Yu et al. (2021, this issue P395–P405) completed quantitative characterization of horizontal well production performance using multiple indicators- based on a case study of the Weiyuan shale gas field in the Sichuan Basin, China. A practical productivity method incorporating multiple indicators (including normalized test production, flowback ratio, first-year initial production and estimated/expected ultimate recovery (EUR)) was proposed to analyze the production performance of 150 horizontal wells. Well productivity was shown to be greatly dependent on the lateral target interval, drilling length and wellbore integrity.
Gao et al. (2021, this issue P406–P422) present a comprehensive investigation on the environmental risks of shale gas recovery by using systematic analyses and detailed field data, to provide a suggested solution for clean shale gas production in China. Environmental challenges mainly include seasonal water shortages, requisition of primary farmland, leakage of drilling fluid and infiltration of flowback fluid, disposal of oil-based drill cuttings underground and the potential for induced seismicity. A proposed clean production model for shale gas focuses on source pollution prevention, process control and tertiary treatment, which yield significant results in terms of resource as well as environmental protection.
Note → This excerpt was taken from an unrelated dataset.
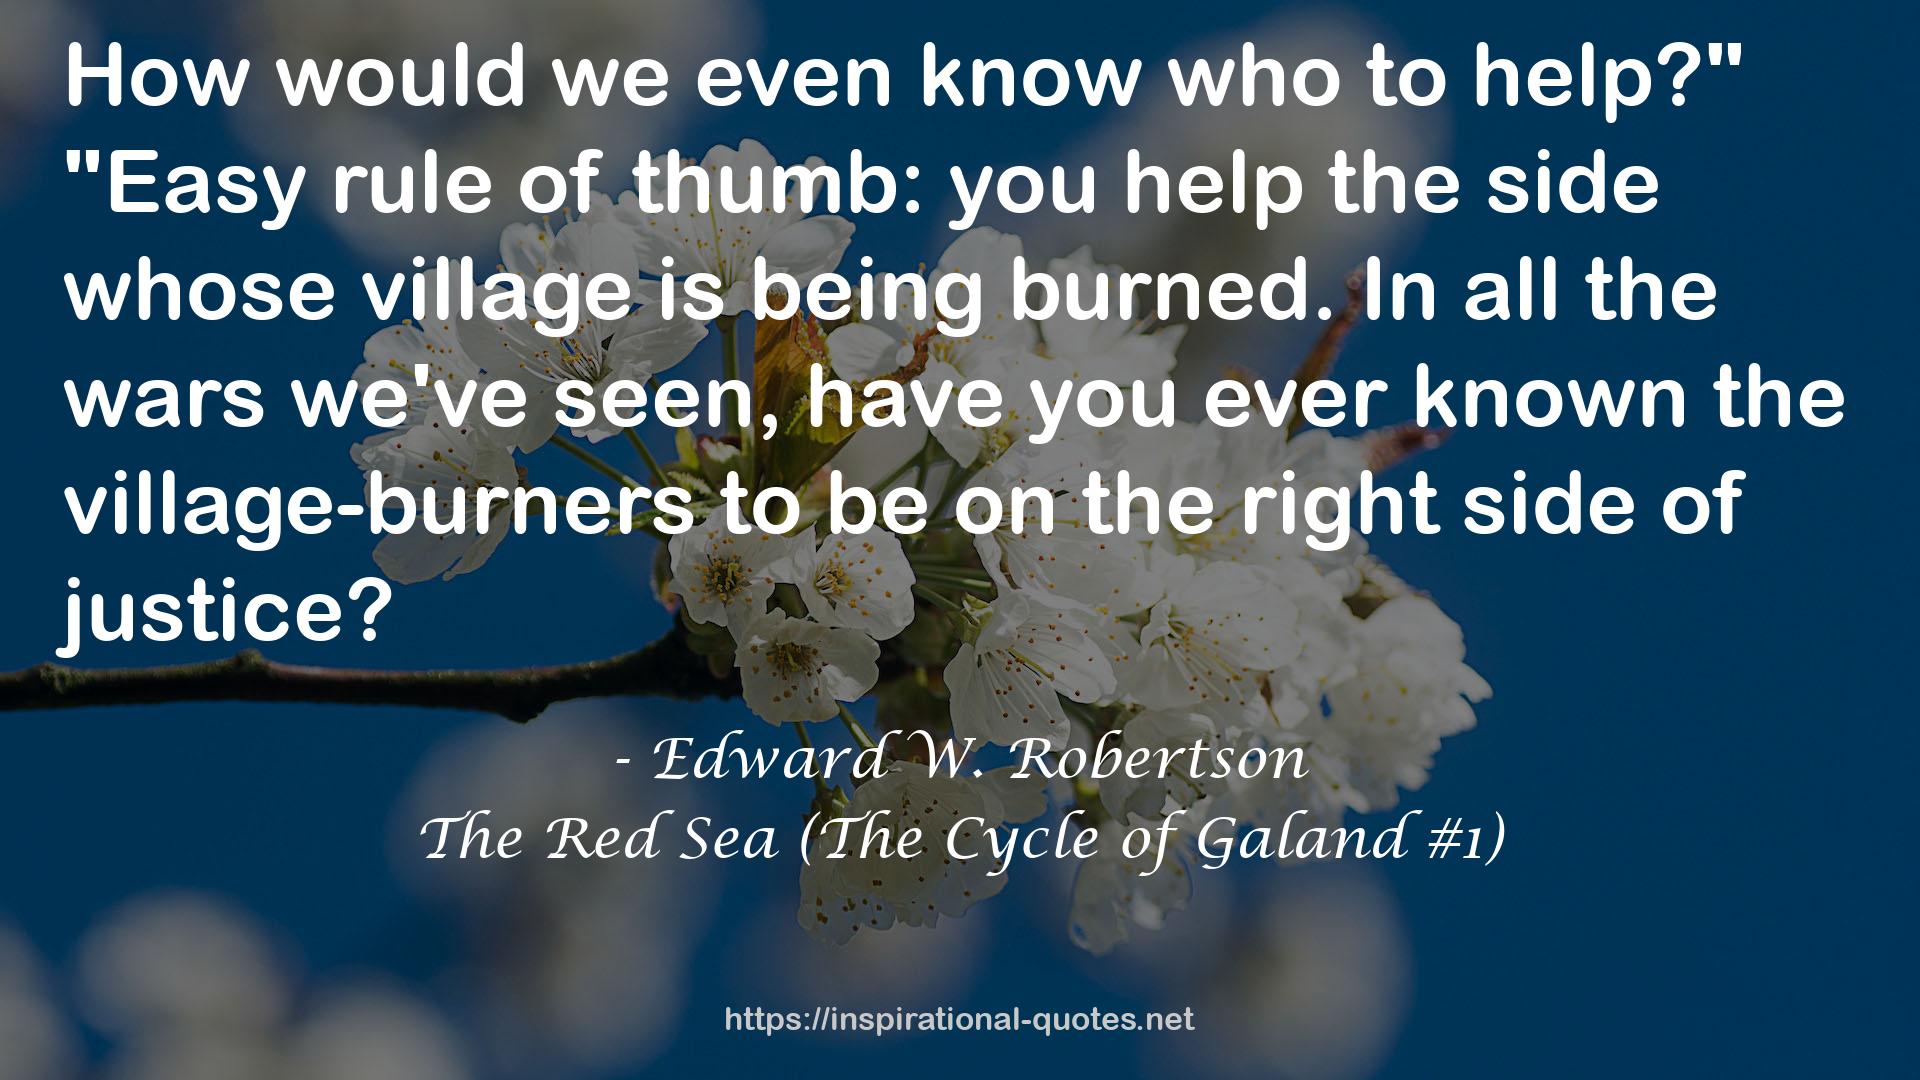 The Red Sea (The Cycle of Galand #1) QUOTES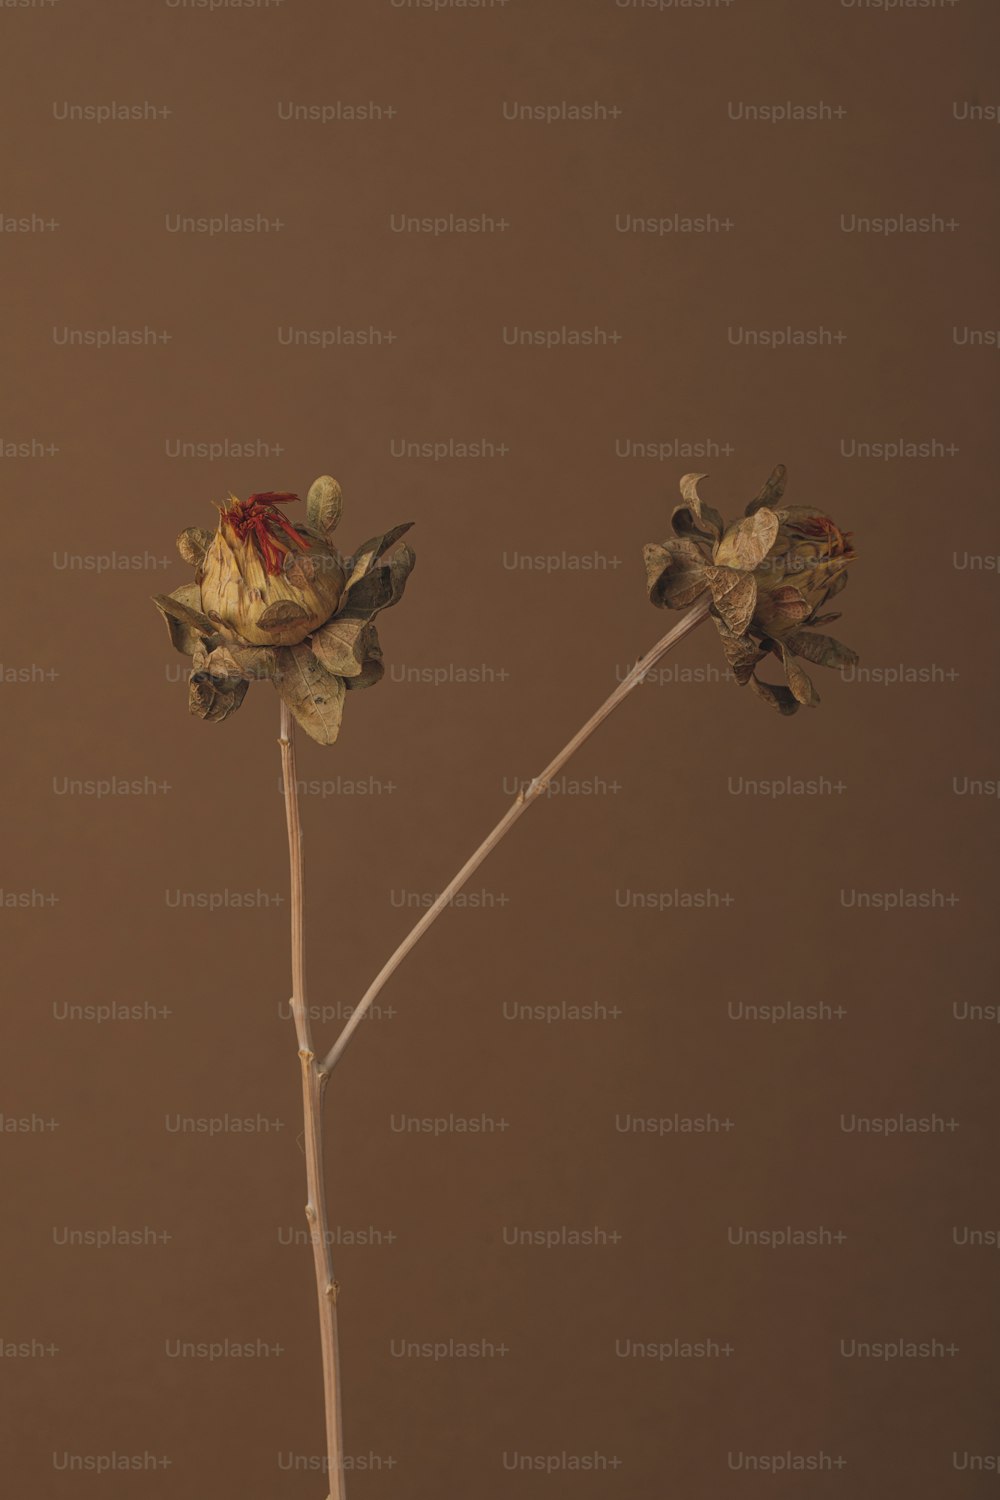 two dead flowers in a vase against a brown background

2.3 Shale oil accumulation and production advances
Compared to marine shale oil in North America, efficient exploration of lacustrine shale oil in China is more difficult due to more complex reservoir conditions. Han et al. (2021, this issue P423–P437) analyze then classify favorable rock fabric facies for oil accumulation based on systematic coring of approximately 500 m fine-grained deposits of the Kong 2 Member. Their analysis combines laboratory tests and log data, source rock geochemistry and reservoir physical properties. A total of 10 fabric facies were classified, with 4 fabric facies found to have high TOC content, high total hydrocarbon and strong fluorescence features, indicating favorable shale oil enrichment.
Bai et al. (2021, this issue P438–P456) evaluate the properties of shale oils in different phase states and investigate how these differences are related to initial shale composition. As a case study, shale oil from the Qingshankou (Q1) Formation from the Songliao Basin of China was analyzed. Fluorescence techniques were used to quantitatively determine the content and properties of the free oil (FO), the adsorbed oil associated with carbonate (ACO), and the adsorbed oil associated with silicate and clay-organic complexes (AKO). Result show that non-hydrocarbons and asphaltenes are the primary fluorescing compounds present on the shale grain surfaces. FO is the dominant phase in the Q1 Formation. ACO and AKO hydrocarbons are heavier than FO hydrocarbons and FO has a high content of relatively light hydrocarbons and the strongest fluidity.
2.4 Tight gas and tight oil accumulation and production advances
Luo et al. (2021, this issue P457–P470) evaluate the distribution and characteristics of tight gas reservoirs in the H8 Member of the Shihezi Formation of the Sulige gas field in the Ordos Basin of northwest China. They divide the effective reservoir into three types (I, II and III), which differ greatly in size, porosity, permeability, and saturation. Compared with conventional gas reservoirs, effective tight gas reservoirs are small-scale and have low gas saturation. Results show that the scale of the sedimentary system controls the size of the dominant microfacies in which tight gas effective reservoirs form.
A comprehensive investigation of cutoffs in physical properties in tight sandstone reservoirs is of significance for the accurate evaluation of reservoirs and their successful exploration. Shi et al. (2021, this issue P471–P489) use the tight sandstone reservoir formations from Chang 6, 8 and 9 units in the Ordos Basin as an example and determine the physical-property cutoffs by using field and laboratory experiments. The results show that the porosity cutoffs of the Chang 6, Chang 8, and Chang 9 oil layers are 7.9%, 6.4%, and 8.6%, and the corresponding permeabilities are 0.08 mD, 0.05 mD, and 0.09 mD, respectively. The cut-offs of the thickness of single-layer effective reservoirs are approximately 3.0 m, 3.0 m, and 2.0 m, respectively.